Thank you for your advise. It's good to listen to the old guys that have been there and done it all. Jason, GrumpyFarms


----------



## mjs500doo (May 6, 2013)

Wisconsin here. 

Standard is $1.50 for white. 

Rainbow flock like myself, we charge between $2-3 depending on size and mixture.


----------



## PeepinChicken (Jul 2, 2012)

I sell my rainbow eggs for 2.50 a dozen here,in Cody WY, bantam size is 1.50 dz


----------



## Bee (Jun 20, 2013)

Depends on the area in which you live, but in this area of WV they go for $2.50 per. unless you see them at a street farmer's market where they try to get $3 or more for them.


----------



## diontree (Jun 16, 2013)

Western mass gets $3.00-$3.50 a dozen


----------



## jennifer (May 14, 2013)

Here in friendsville tn we sell for 3.50 mixed colors.


----------



## fowlmouthgirls (May 25, 2013)

Jim said:


> I agree with ya retired! I was at the local Walmart the other day (something I don't do often or willingly) and the organic "cage free" eggs were between 4.15-4.45 a dozen. I use the non-soy/non gmo feed, and my gals are out in the grass most the day eating whatever they find, and also get some wheat grass. I used to think asking 4 a doz was high, but, not so much! I am not organic, but, I bet better than the organic the store has! Plus, my customers can meet the ladies that laid the eggs.

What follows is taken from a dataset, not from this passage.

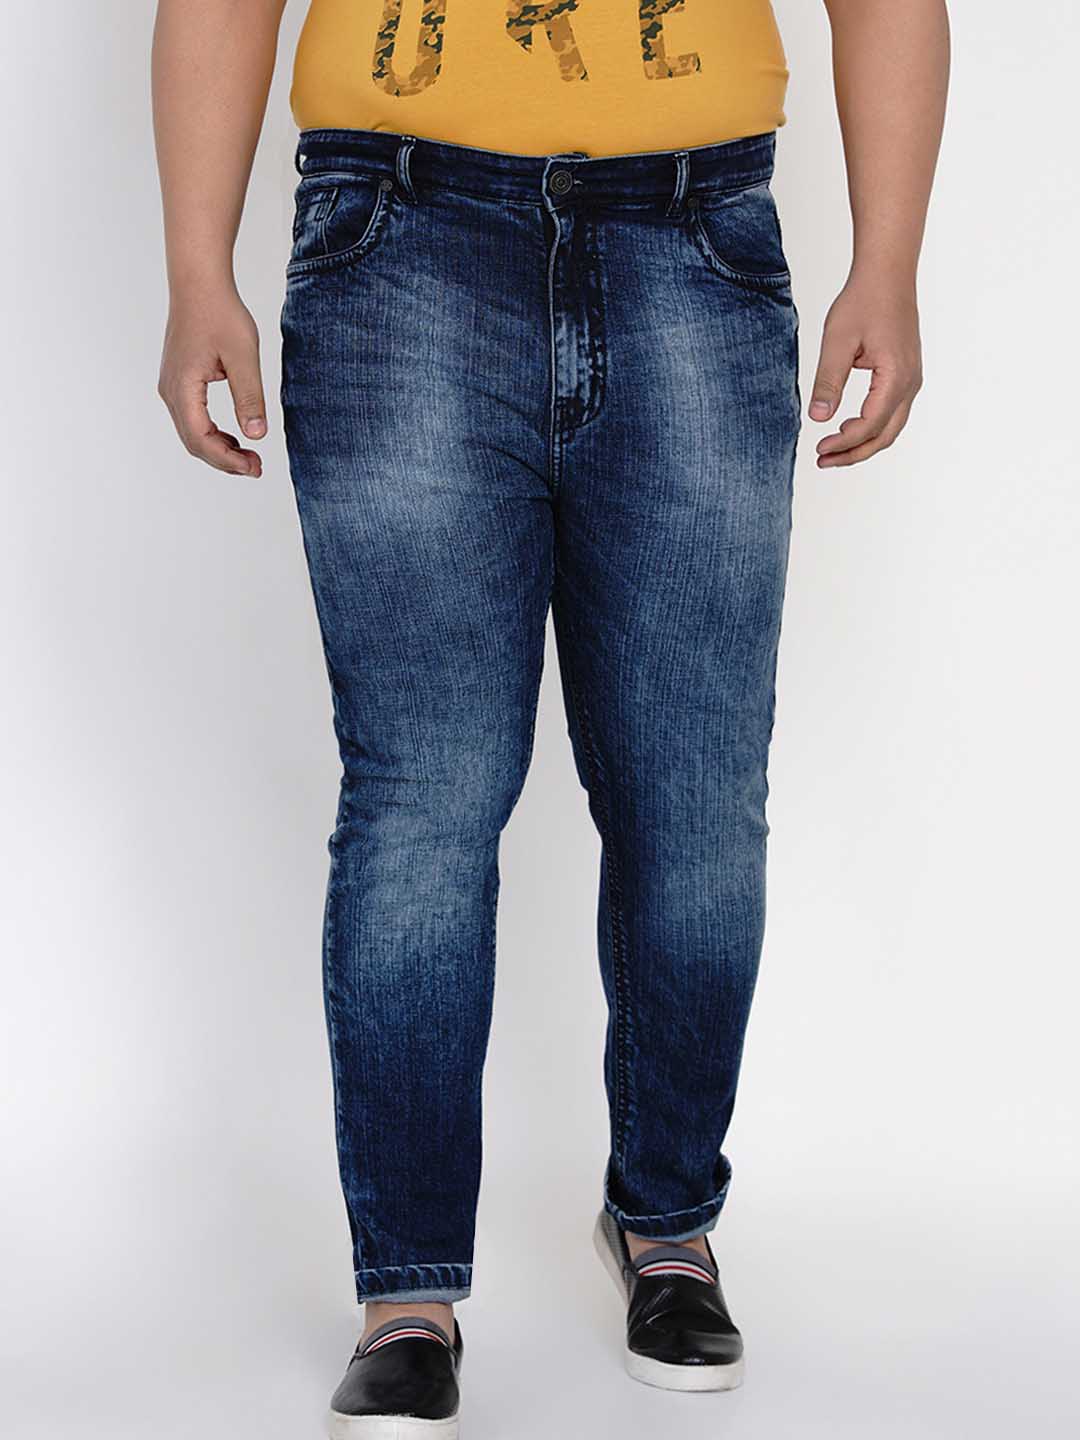 bottomwear/jeans/JPJ12121/jpj12121-1.jpg
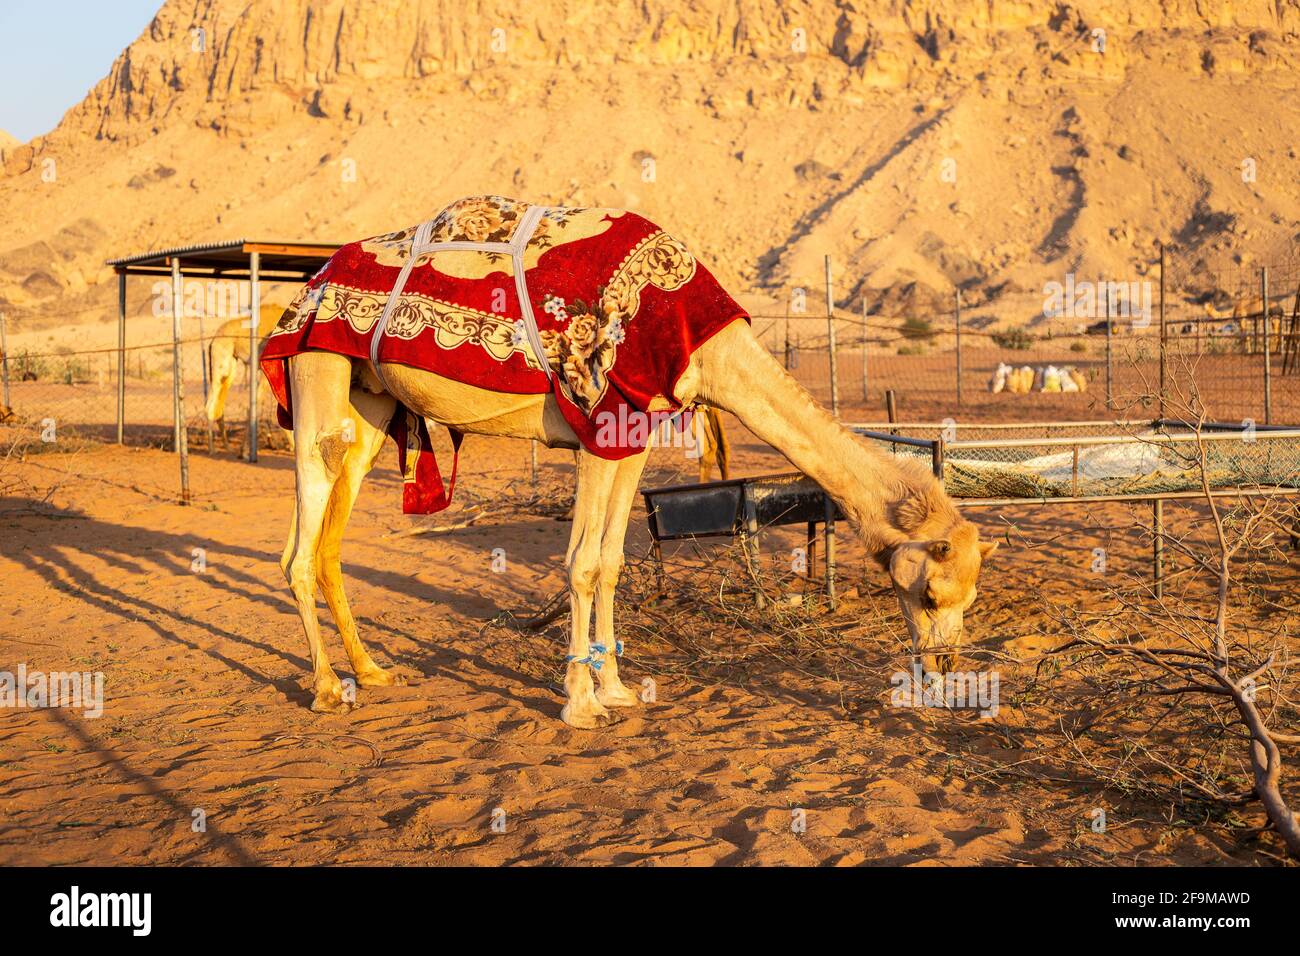 Chameau dromadaire (Camelus dromedarius) recouvert d'une couverture rouge, manger du feuillage sec sur une ferme à Sharjah, Émirats arabes Unis, avec des montagnes rocheuses dedans Banque D'Images

I agree! The cage free organic eggs at my Walmart are 3.58 for 18, but I don't know what they are feeding those chickens and if by free range they mean 3000 of them crammed in a barn! I prefer to get them locally if I can, and I usually buy 9-10 dozen at a time. (I'm a baker, wedding cakes, etc.). I get a half inch higher rise out of my cake batter with farm fresh local eggs than I do with store bought white generic eggs! Support your local farmers!!!


----------